(Data excerpts)
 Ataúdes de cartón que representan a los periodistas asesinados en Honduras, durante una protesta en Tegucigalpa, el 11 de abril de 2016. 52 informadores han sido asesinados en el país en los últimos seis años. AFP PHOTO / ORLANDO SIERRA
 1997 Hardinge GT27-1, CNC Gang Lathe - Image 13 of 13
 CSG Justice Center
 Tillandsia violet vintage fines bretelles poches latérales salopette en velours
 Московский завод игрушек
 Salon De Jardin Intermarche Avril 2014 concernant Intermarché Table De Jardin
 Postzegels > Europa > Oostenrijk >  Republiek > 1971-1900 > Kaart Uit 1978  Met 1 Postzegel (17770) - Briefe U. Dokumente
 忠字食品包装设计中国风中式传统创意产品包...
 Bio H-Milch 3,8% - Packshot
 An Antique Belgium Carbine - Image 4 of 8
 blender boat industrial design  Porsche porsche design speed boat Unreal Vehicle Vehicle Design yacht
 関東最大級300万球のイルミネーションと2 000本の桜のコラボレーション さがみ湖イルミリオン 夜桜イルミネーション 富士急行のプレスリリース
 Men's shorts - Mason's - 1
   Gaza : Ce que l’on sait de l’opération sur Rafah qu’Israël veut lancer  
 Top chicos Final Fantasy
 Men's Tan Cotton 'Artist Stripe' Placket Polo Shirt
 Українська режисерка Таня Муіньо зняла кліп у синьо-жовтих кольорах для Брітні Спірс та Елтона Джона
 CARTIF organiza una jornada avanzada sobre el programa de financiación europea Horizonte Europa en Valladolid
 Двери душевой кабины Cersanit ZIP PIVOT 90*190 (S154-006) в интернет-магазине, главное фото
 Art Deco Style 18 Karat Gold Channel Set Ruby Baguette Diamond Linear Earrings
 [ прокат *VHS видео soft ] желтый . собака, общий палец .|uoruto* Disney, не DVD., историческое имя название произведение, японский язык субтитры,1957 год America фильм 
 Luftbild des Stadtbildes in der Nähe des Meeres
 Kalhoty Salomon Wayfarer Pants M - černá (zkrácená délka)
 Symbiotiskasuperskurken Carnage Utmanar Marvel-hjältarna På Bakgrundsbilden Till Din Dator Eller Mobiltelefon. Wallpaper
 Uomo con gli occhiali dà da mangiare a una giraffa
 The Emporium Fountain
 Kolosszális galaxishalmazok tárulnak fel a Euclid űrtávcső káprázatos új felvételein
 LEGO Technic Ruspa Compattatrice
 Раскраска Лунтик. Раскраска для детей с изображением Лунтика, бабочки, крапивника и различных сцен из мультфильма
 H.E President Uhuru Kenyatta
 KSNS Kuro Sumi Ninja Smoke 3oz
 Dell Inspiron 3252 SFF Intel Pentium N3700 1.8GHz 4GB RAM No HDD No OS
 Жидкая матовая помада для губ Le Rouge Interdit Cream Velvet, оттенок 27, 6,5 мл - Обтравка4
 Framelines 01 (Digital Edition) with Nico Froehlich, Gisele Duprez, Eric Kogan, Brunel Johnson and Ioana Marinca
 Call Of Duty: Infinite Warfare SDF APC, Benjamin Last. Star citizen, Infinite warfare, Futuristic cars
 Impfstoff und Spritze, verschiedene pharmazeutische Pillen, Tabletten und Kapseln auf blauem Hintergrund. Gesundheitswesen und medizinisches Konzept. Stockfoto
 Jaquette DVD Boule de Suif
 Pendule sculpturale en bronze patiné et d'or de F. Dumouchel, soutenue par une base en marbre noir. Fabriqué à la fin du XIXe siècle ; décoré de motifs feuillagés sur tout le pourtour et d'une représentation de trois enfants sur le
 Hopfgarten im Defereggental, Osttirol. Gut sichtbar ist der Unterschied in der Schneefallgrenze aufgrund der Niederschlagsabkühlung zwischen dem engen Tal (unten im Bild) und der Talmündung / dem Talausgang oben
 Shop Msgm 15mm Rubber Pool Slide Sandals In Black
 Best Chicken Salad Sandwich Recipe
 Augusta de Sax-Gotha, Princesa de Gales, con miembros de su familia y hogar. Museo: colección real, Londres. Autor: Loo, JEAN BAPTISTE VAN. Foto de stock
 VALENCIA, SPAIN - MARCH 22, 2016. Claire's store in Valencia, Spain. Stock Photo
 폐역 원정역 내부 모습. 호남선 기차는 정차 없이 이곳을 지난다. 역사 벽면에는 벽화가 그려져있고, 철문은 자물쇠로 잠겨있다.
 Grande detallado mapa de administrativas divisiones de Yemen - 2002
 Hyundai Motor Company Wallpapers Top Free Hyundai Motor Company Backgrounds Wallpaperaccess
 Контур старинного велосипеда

Task statement —
Look above for the line containing "Dell Inspiron 3252". Output from there through the line containing "Impfstoff und Spritze, verschiedene", exactly and inclusively.

Exercise result —
 Dell Inspiron 3252 SFF Intel Pentium N3700 1.8GHz 4GB RAM No HDD No OS
 Жидкая матовая помада для губ Le Rouge Interdit Cream Velvet, оттенок 27, 6,5 мл - Обтравка4
 Framelines 01 (Digital Edition) with Nico Froehlich, Gisele Duprez, Eric Kogan, Brunel Johnson and Ioana Marinca
 Call Of Duty: Infinite Warfare SDF APC, Benjamin Last. Star citizen, Infinite warfare, Futuristic cars
 Impfstoff und Spritze, verschiedene pharmazeutische Pillen, Tabletten und Kapseln auf blauem Hintergrund. Gesundheitswesen und medizinisches Konzept. Stockfoto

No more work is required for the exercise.